When you reach the center your eyes began to play tricks on you.  Not because of any malicious spirits but because all you can see is one tiny circle of light that at times looks so close you’re nearly outside and at others stretches so far ahead you think you’ll never get out.  The constant fluctuation in width doesn’t help, a slight change only noticeable in the acoustics and the shift in the air.  Meanwhile the walls beside you have melted into the darkness and you might as well be at the bottom of the Mariana Trench for all you can see.   

                Upon arrival on the other side there is a strong sense of relief quickly followed by the sinking realization the only way home is back through the darkness.  But for those few moments you are granted a new view – sunlight streaming in through a thick bamboo forest flanked by two large humps of rolling mountainside, turning the tunnel into such a small thing you almost think it impossible a car could fit.   

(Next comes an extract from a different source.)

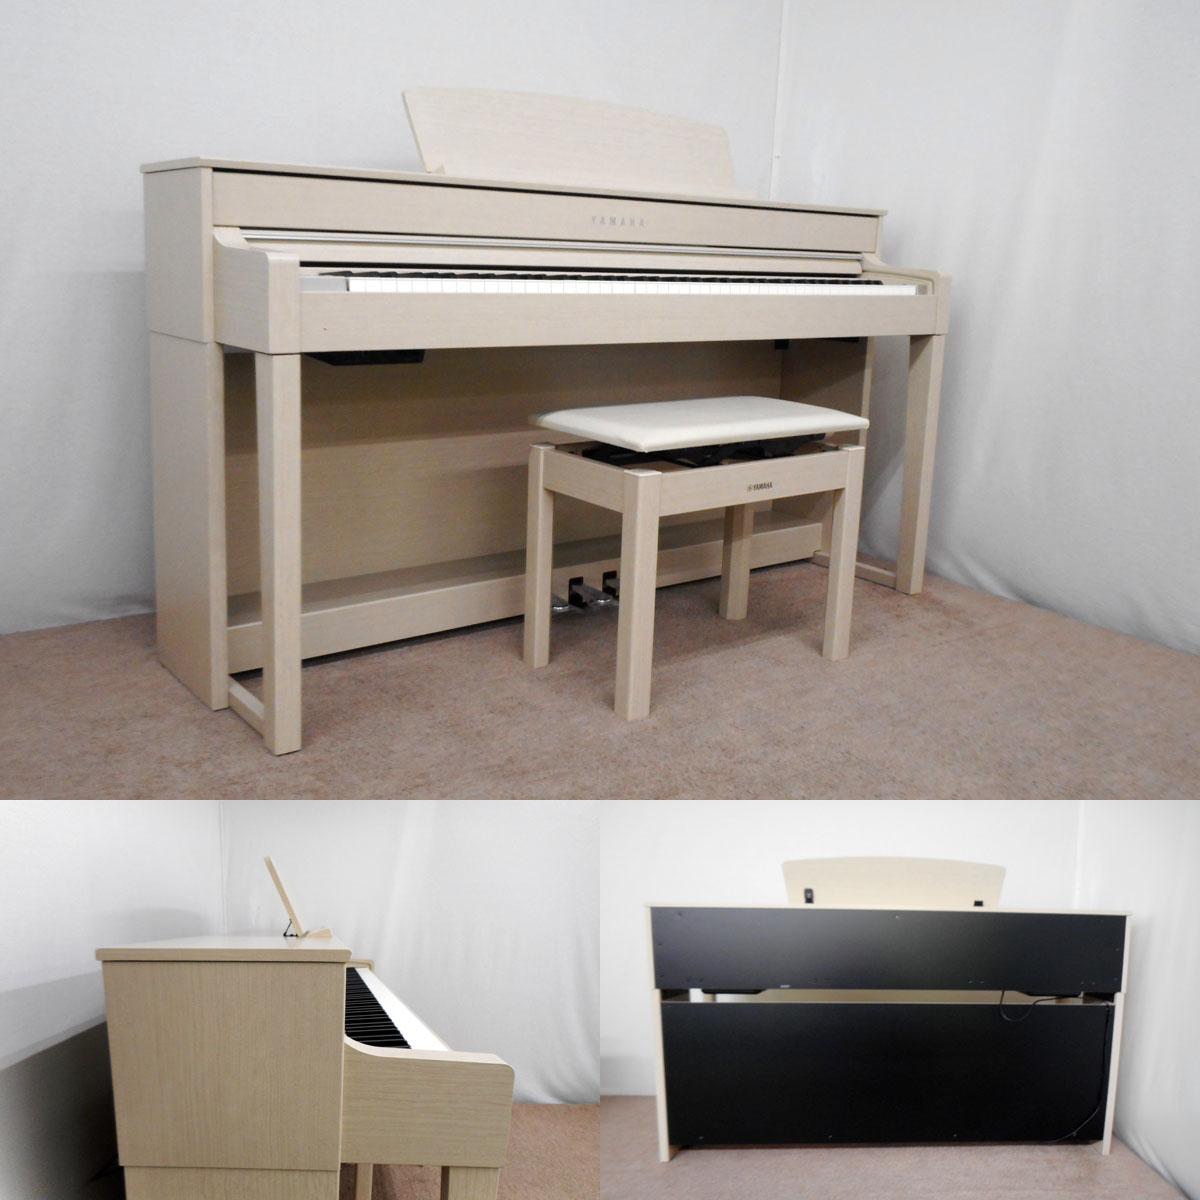 【112539】【送料込】【中古】 ヤマハ 2014年 電子ピアノ CLP-545WA クラビノーバ
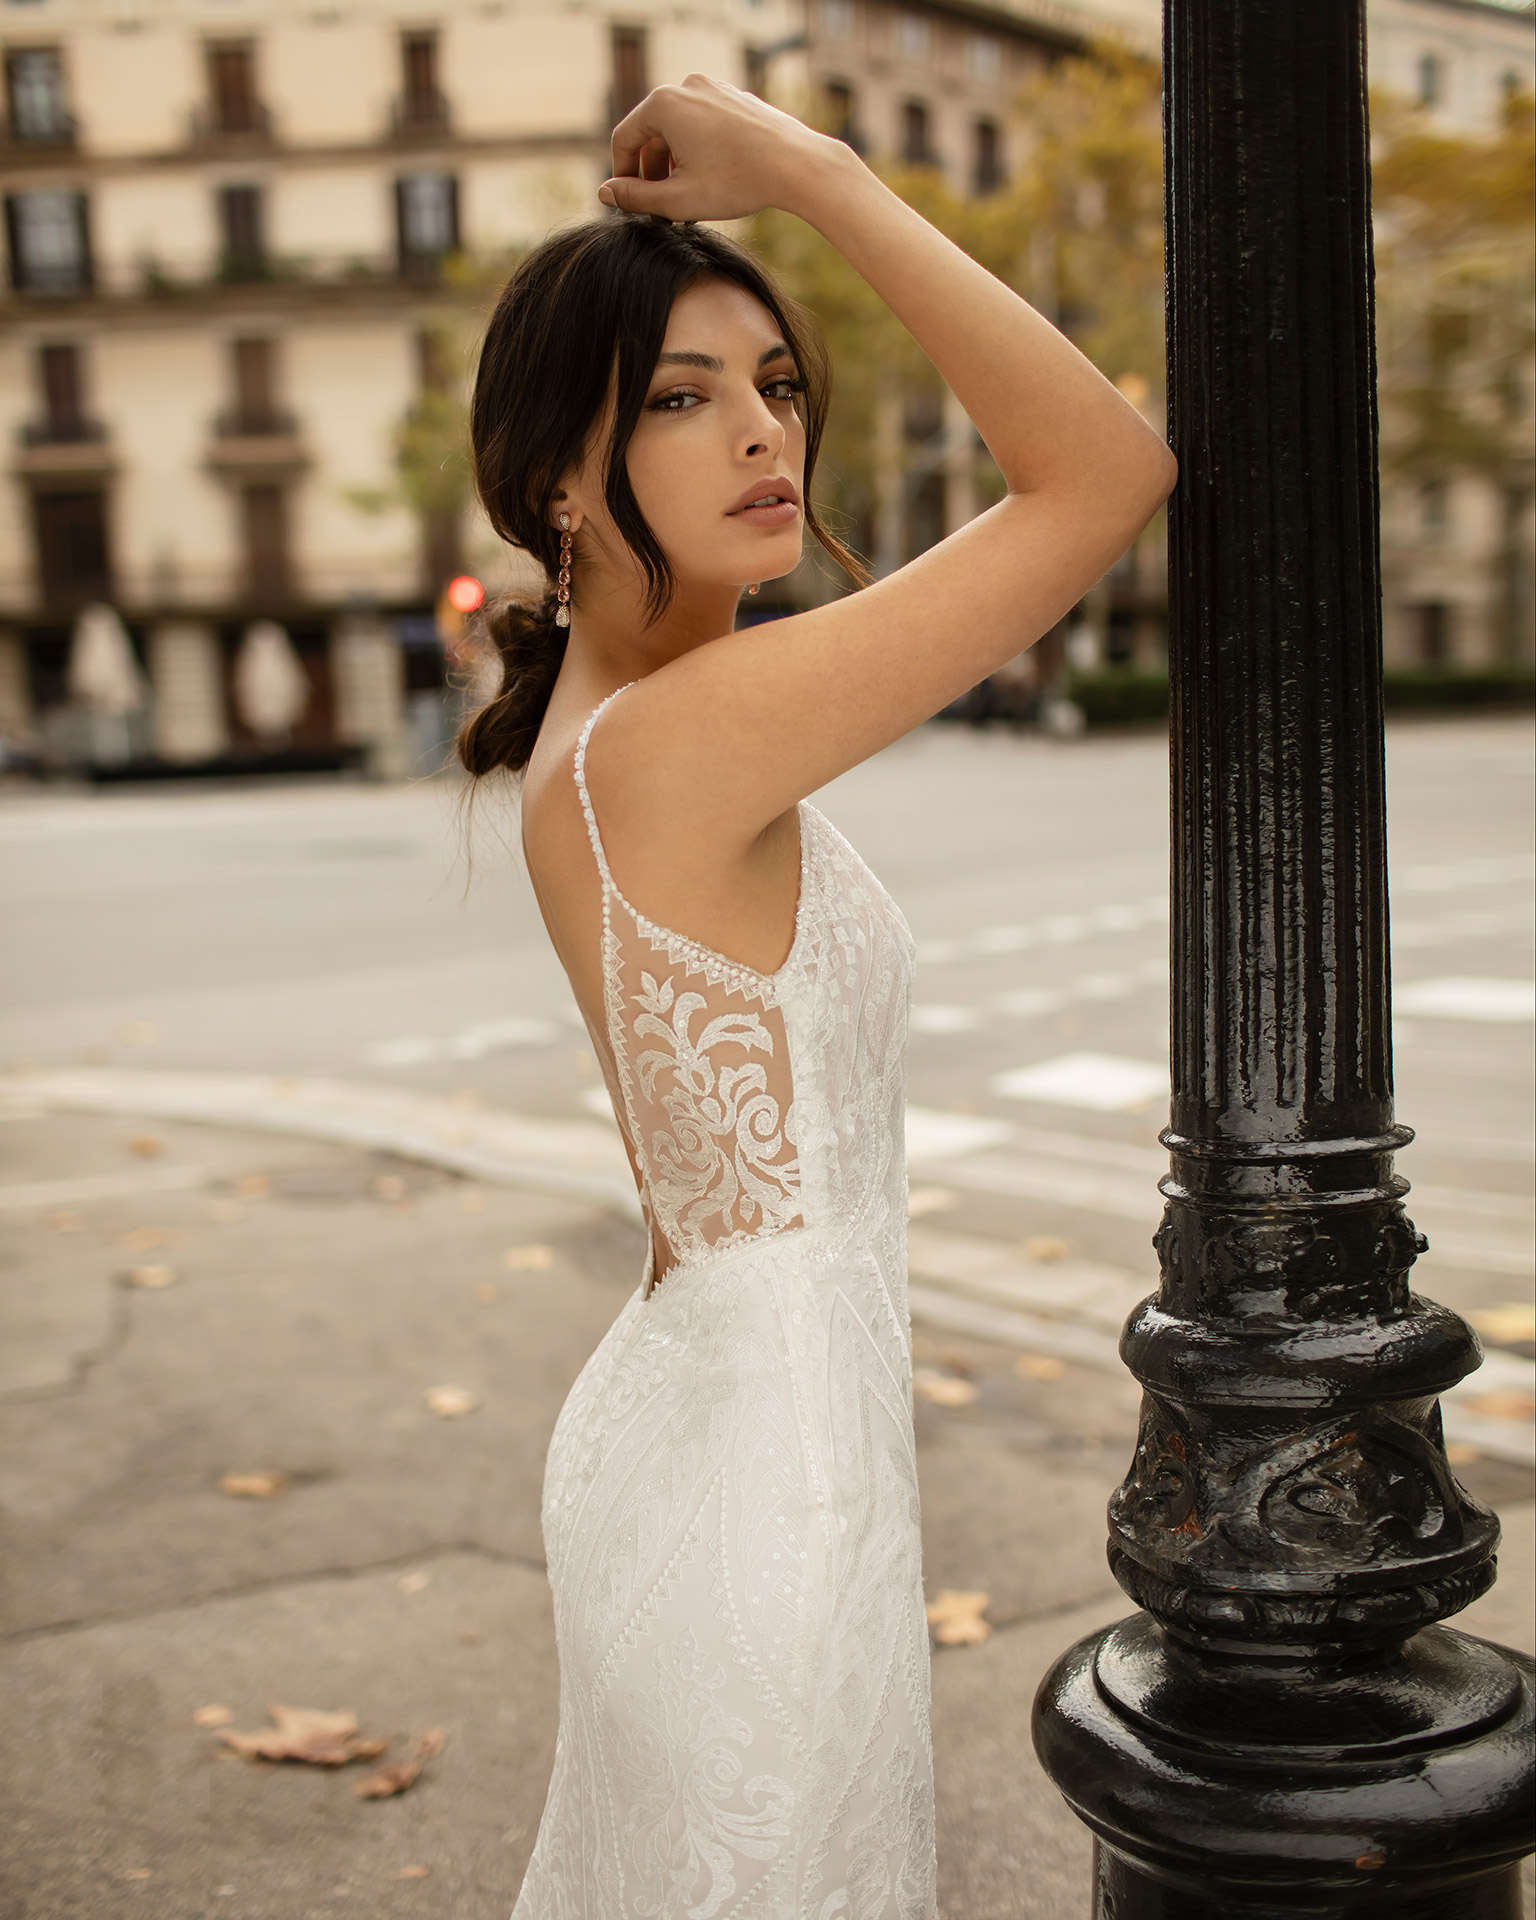 Vestido de novia corte sirena de encaje con pedrería con escote en V y espalda escotada. Colección ALMA_NOVIA 2020.

                What sticks with you the most, though, are the stories that each little bit tells.  There’s the crass language strewn throughout the tunnel visible by the headlights of your car that boast of Asuke’s toughest gang (though what competition they have other than errant wild boar I’m not sure), the smashed lamp above the tunnel’s entrance that might never be replaced but instead will remain a part of this shrine to defunct man-made creations, and of course the forest which entombs all of it, lending to visions of ancient woods that pay no mind to the humanity toiling below. 

                It’s unfair to compare such an experience to a city and I’m aware.  It’s like asking for shrimp when you really want a pork chop.  I guess this is really all to say I finally realize what I have wanted all along was a pork chop – a wild untamed terrain that houses all kinds of beautiful and terrifying creatures you wonder how humans ever could have ended up the so-called owner of this planet.

                I’m sure this isn’t the last word on the matter.  Opinions change constantly but that’s what’s great about having an opinion – it’s active and living and thus subject to death just like everything else that’s alive.  So for now when people lament how hard it must be to live an hour and a half away from the city I’ll smile and nod wordlessly.  I’ll simply let my photos do the talking for me.    

                And if that doesn’t work, I’ll just jump in my car and head over to Kumamoto City to flaunt tattoos and swill down noon beers with Kashima’s finest.